Thank you for your excellent work. I encountered a CUDA out of memory error while turning your code. Perhaps I think this is a problem caused by a lack of gpu memory. Because of this, I increased the number of num_threads in the multi-gpu part of your code and reduced the batch size, but the error still does not disappear. Do you happen to know how to control this?

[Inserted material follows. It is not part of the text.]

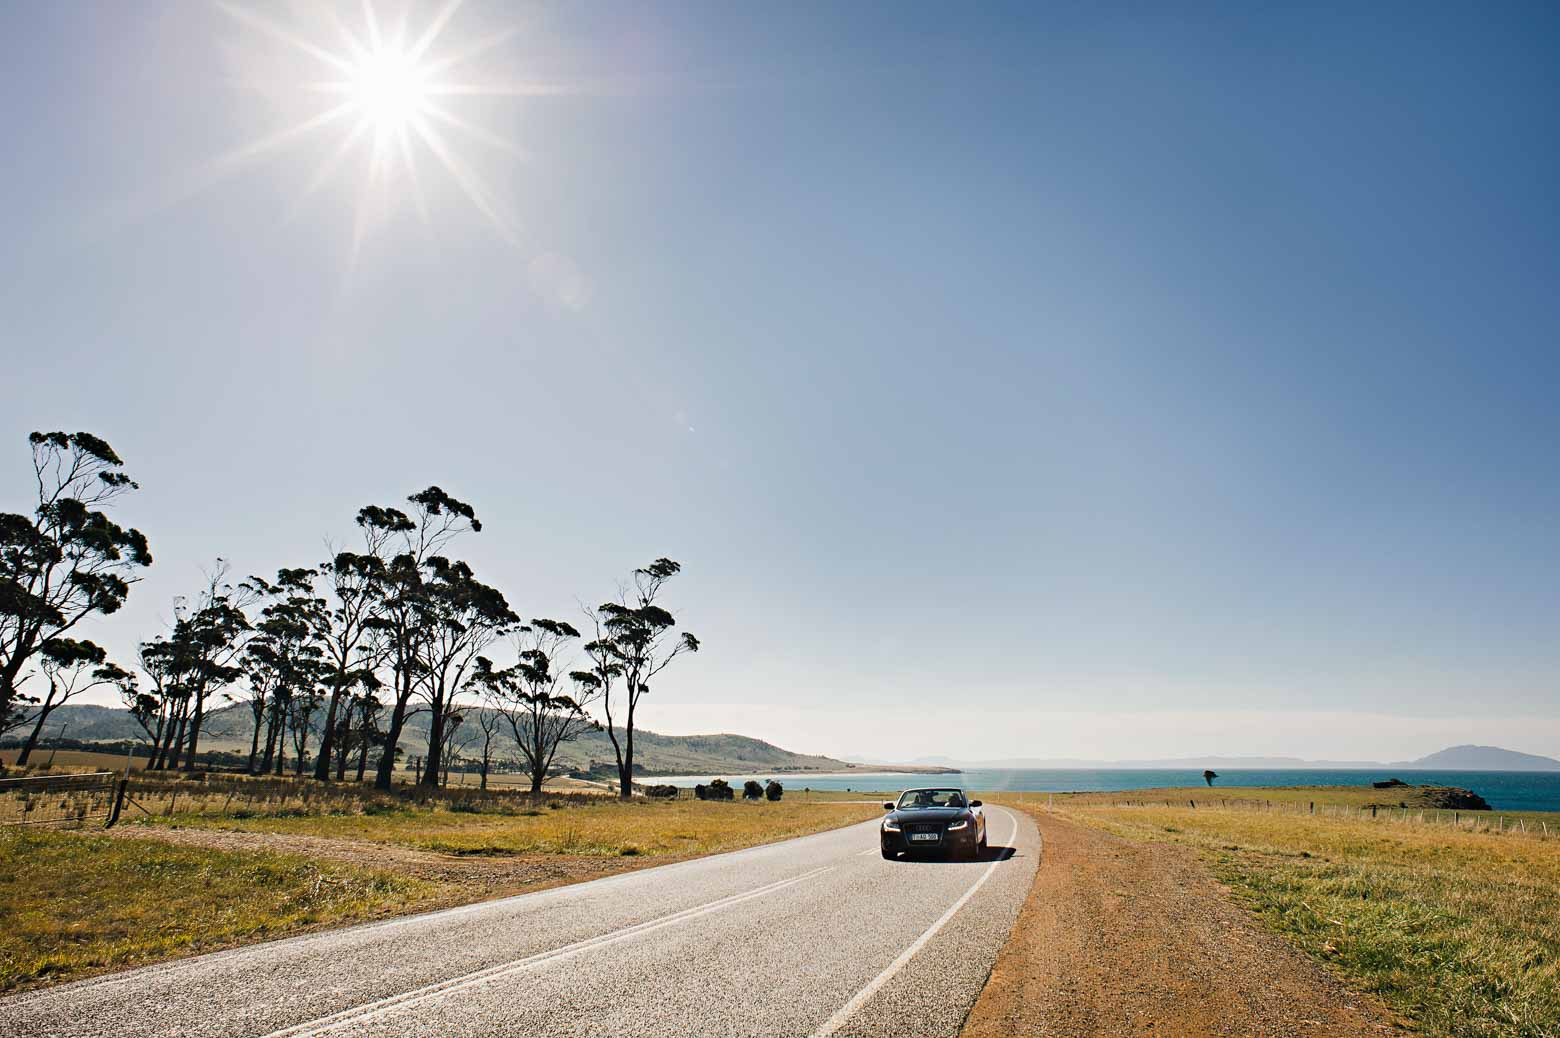 A Lap of Tasmania road trip down the East Coast of Tasmania

Below is the full text of errors.

-- Process 0 terminated with the following error: Traceback (most recent call last): File "/home/cv1/miniconda3/envs/transdepth/lib/python3.6/site-packages/torch/multiprocessing/spawn.py", line 19, in _wrap fn(i, *args) File "/home/cv1/TransDepth/pytorch/bts_main.py", line 347, in main_worker model = BtsModel(args) File "/home/cv1/TransDepth/pytorch/bts.py", line 345, in init self.encoder = ViT_seg(config_vit, img_size=[params.input_height,params.input_width], num_classes=config_vit.n_classes).cuda() File "/home/cv1/miniconda3/envs/transdepth/lib/python3.6/site-packages/torch/nn/modules/module.py", line 304, in cuda return self._apply(lambda t: t.cuda(device)) File "/home/cv1/miniconda3/envs/transdepth/lib/python3.6/site-packages/torch/nn/modules/module.py", line 201, in _apply module._apply(fn) File "/home/cv1/miniconda3/envs/transdepth/lib/python3.6/site-packages/torch/nn/modules/module.py", line 201, in _apply module._apply(fn) File "/home/cv1/miniconda3/envs/transdepth/lib/python3.6/site-packages/torch/nn/modules/module.py", line 201, in _apply module._apply(fn) File "/home/cv1/miniconda3/envs/transdepth/lib/python3.6/site-packages/torch/nn/modules/module.py", line 223, in _apply param_applied = fn(param) File "/home/cv1/miniconda3/envs/transdepth/lib/python3.6/site-packages/torch/nn/modules/module.py", line 304, in return self._apply(lambda t: t.cuda(device)) RuntimeError: CUDA out of memory. Tried to allocate 72.00 MiB (GPU 0; 10.76 GiB total capacity; 400.86 MiB already allocated; 66.69 MiB free; 452.00 MiB reserved in total by PyTorch)

ygjwd12345 commented 3 years ago

The problem is CUDA out of memory. I would suggest you should crop the batch size more.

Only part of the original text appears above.